Ubiquitin
Ubiquitin is a small (8.5 kDa) regulatory protein that has been found in almost all tissues (ubiquitously) of eukaryotic organisms. It was discovered in 1975 by Gideon Goldstein and further characterized throughout the 1970s and 1980s.
They play a crucial role in the regulation of protein degradation and other cellular processes. It is a highly conserved protein, meaning it is structurally similar across a wide range of species, from yeast to humans. Ubiquitin functions as a molecular tag or marker, marking specific proteins for degradation, recycling, or other cellular activities.
The key functions of ubiquitin include:
Protein Degradation: The primary function of ubiquitin is to mark specific proteins for degradation by the proteasome, a cellular structure responsible for breaking down unwanted or damaged proteins. This process is critical for maintaining cellular health and regulating the levels of various proteins within the cell.
Protein Recycling: Ubiquitin also plays a role in protein recycling. When a protein is tagged with ubiquitin and degraded, the ubiquitin molecules are released and can be reused to tag other proteins. This recycling ensures a constant supply of ubiquitin for cellular processes.
Regulation of Protein Function: In some cases, ubiquitination can regulate the activity or localization of proteins without leading to their degradation. This process can affect various cellular functions, including signal transduction and DNA repair.
The process of attaching ubiquitin molecules to target proteins is called ubiquitination. It involves a coordinated series of enzymatic reactions carried out by three main types of enzymes:
E1 (Ubiquitin-activating enzymes): E1 enzymes activate ubiquitin by attaching it to a cysteine residue in the E1 enzyme.
E2 (Ubiquitin-conjugating enzymes): E2 enzymes transfer activated ubiquitin from E1 to the target protein with the help of an E3 ligase.
E3 (Ubiquitin ligases): E3 ligases are responsible for recognizing specific target proteins and facilitating the transfer of ubiquitin from the E2 enzyme to the target protein.
Ubiquitin can be attached to target proteins as a single molecule or in the form of polyubiquitin chains, where multiple ubiquitin molecules are linked together. Different types of ubiquitin chains, such as K48-linked or K63-linked chains, can have distinct effects on the fate of the target protein, determining whether it is degraded, undergoes a change in function, or is involved in other cellular processes.
The ubiquitin-proteasome system, which involves the ubiquitination and subsequent degradation of proteins, is a fundamental process in cellular biology and is essential for maintaining cellular homeostasis, responding to stress, regulating cell cycle progression, and more. Dysregulation of the ubiquitin-proteasome system is implicated in various diseases, including cancer and neurodegenerative disorders.
There are four genes in the human genome that produce ubiquitin: UBB, UBC, UBA52, and RPS27A.
The addition of ubiquitin to a substrate protein is called ubiquitination or ubiquitylation.
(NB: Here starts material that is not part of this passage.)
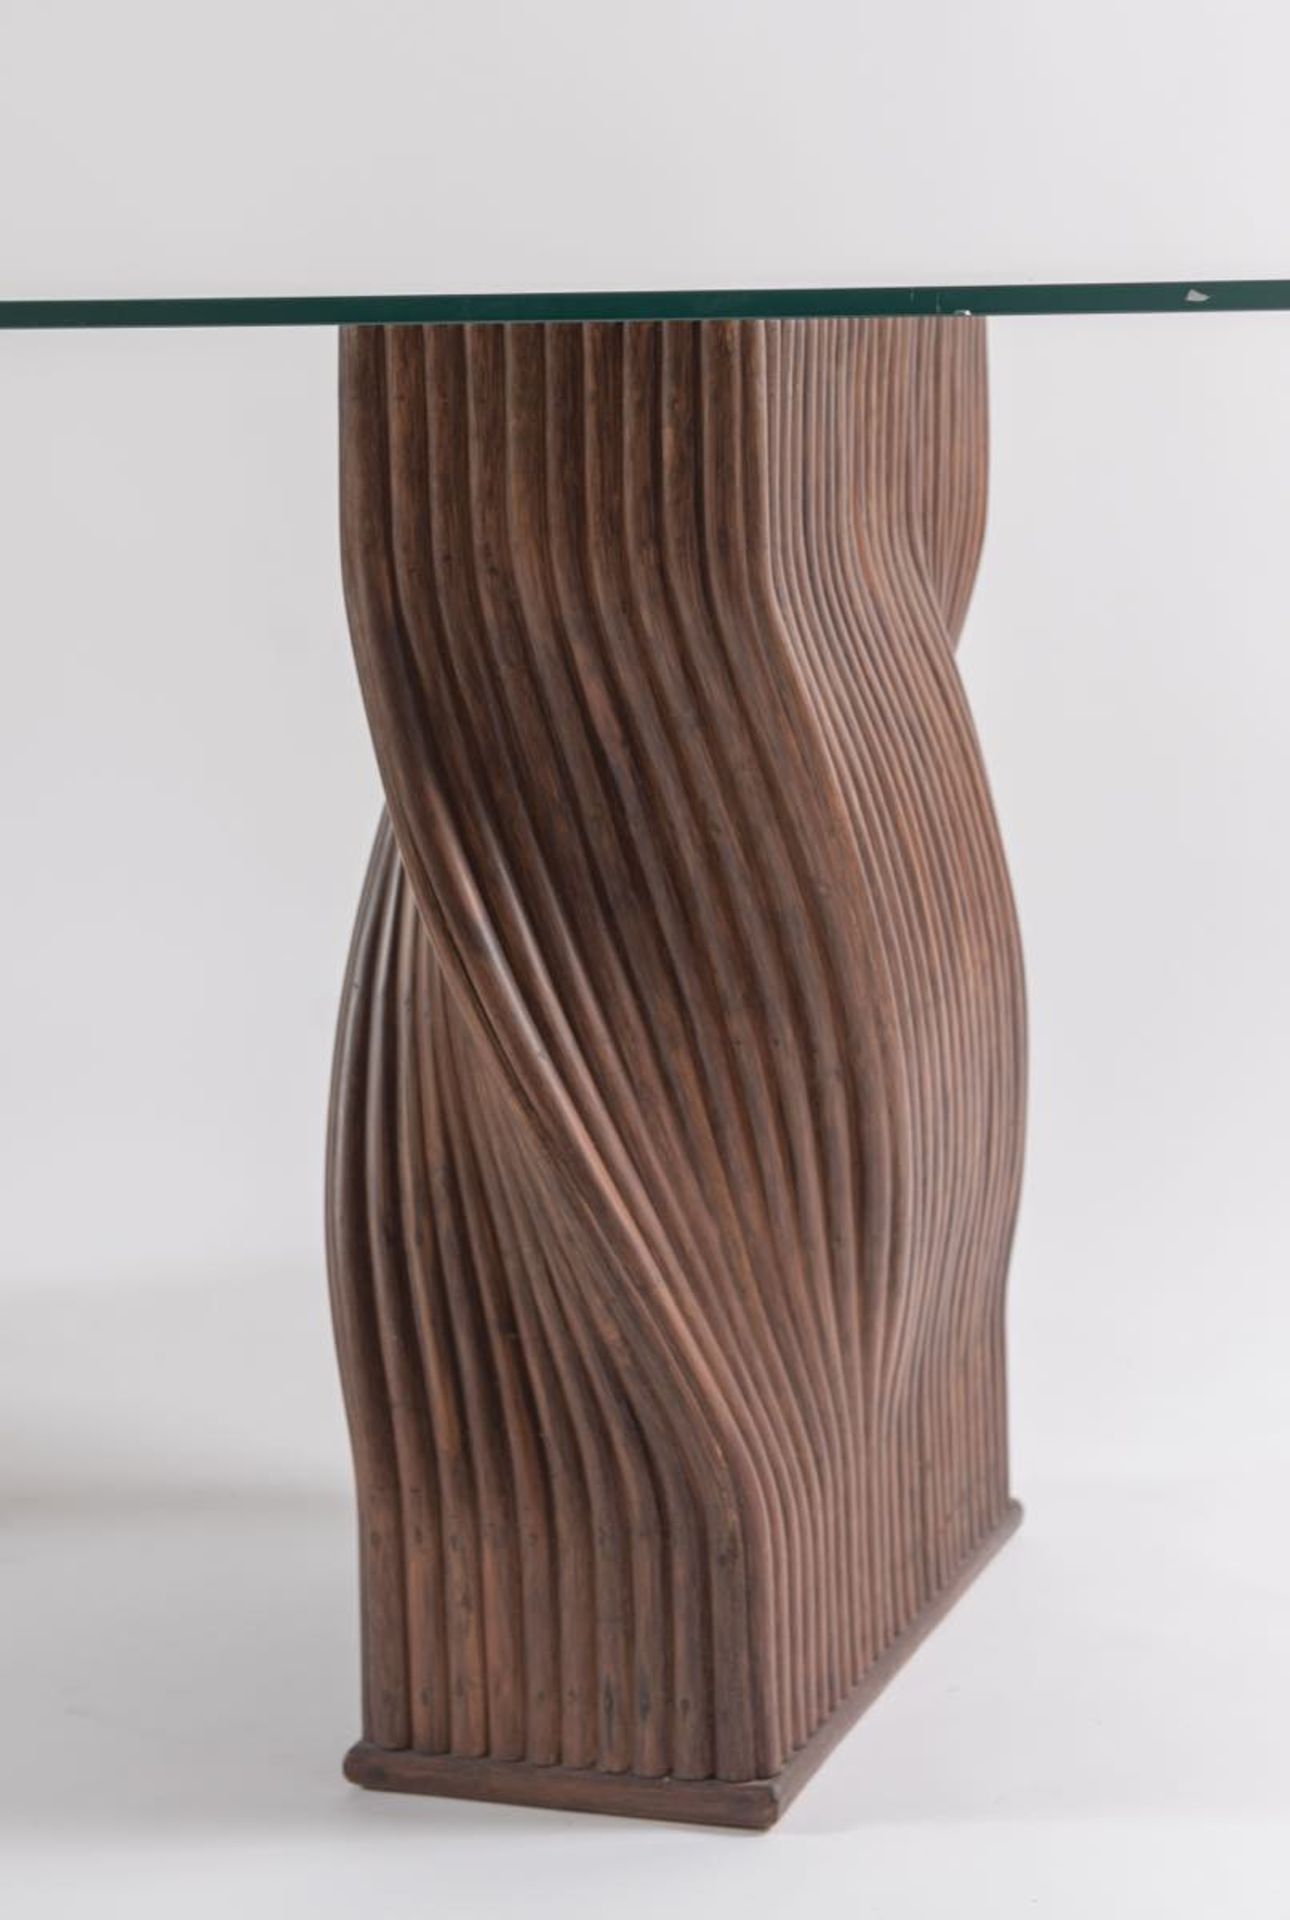 Coppia di basi per tavolo in bambù ritorto a tinta scura, Italia, Anni ‘70.H cm 70x60x21 - Bild 2 aus 2

Ubiquitination can affect proteins in many ways: it can signal their degradation via the proteasome, alter their cellular location, affect their activity, and promote or prevent protein interactions.
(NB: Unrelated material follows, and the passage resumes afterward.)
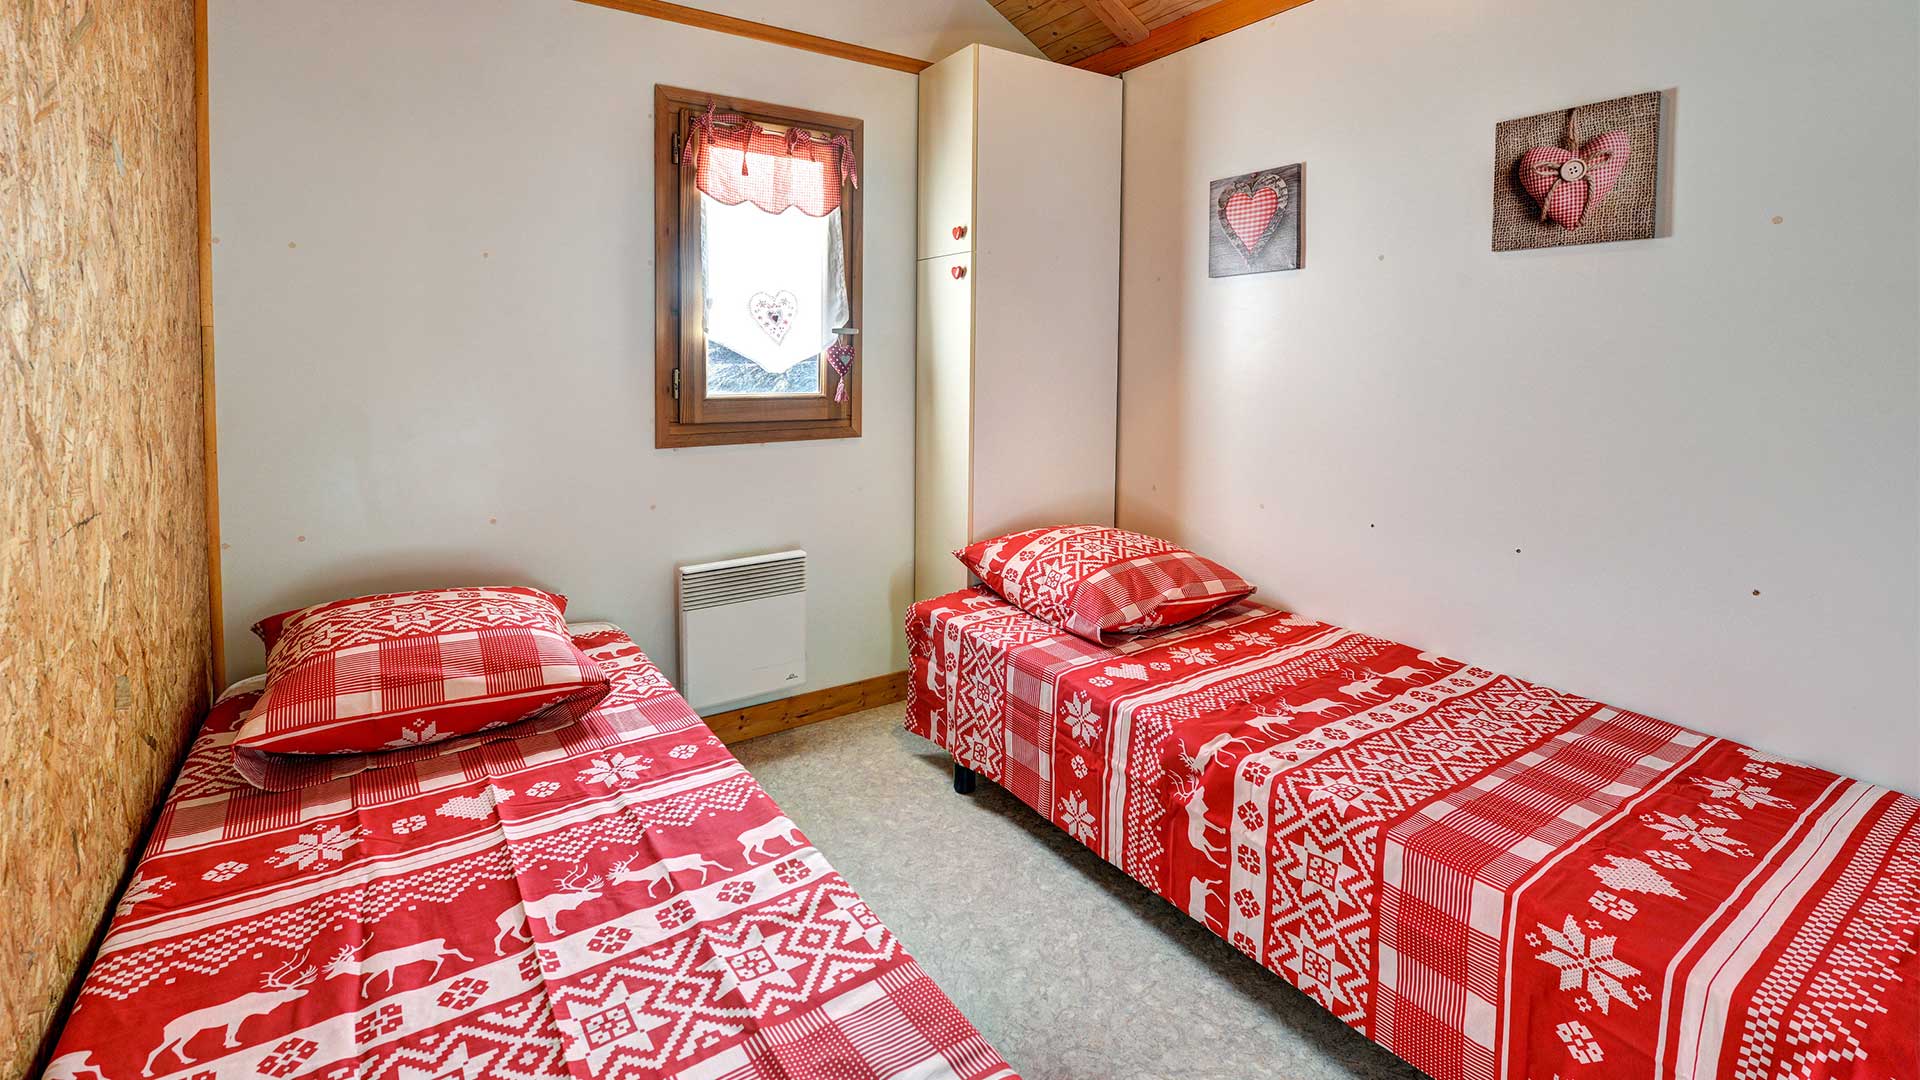 Grand Serre - Grande Gargouille : Chambre avec lits une place - Chalet 5 personnes en location à Briançon

Ubiquitination is carried out in three main steps: activation, conjugation, and ligation, performed by ubiquitin-activating enzymes (E1s), ubiquitin-conjugating enzymes (E2s), and ubiquitin ligases (E3s), respectively. The result of this sequential cascade binds ubiquitin to lysine residues on the protein substrate via an isopeptide bond, cysteine residues through a thioester bond, serine and threonine residues through an ester bond, or the amino group of the protein's N-terminus via a peptide bond.
Blood ubiquitin C-terminal hydrolase (UCH-L1) and GFAP are increased early after stroke and distinct biomarker-specific release profiles are associated with stroke characteristics and type. Ren et al confirmed the potential of GFAP as a tool for early rule-in of ICH, while UCH-L1 was not clinically useful 1).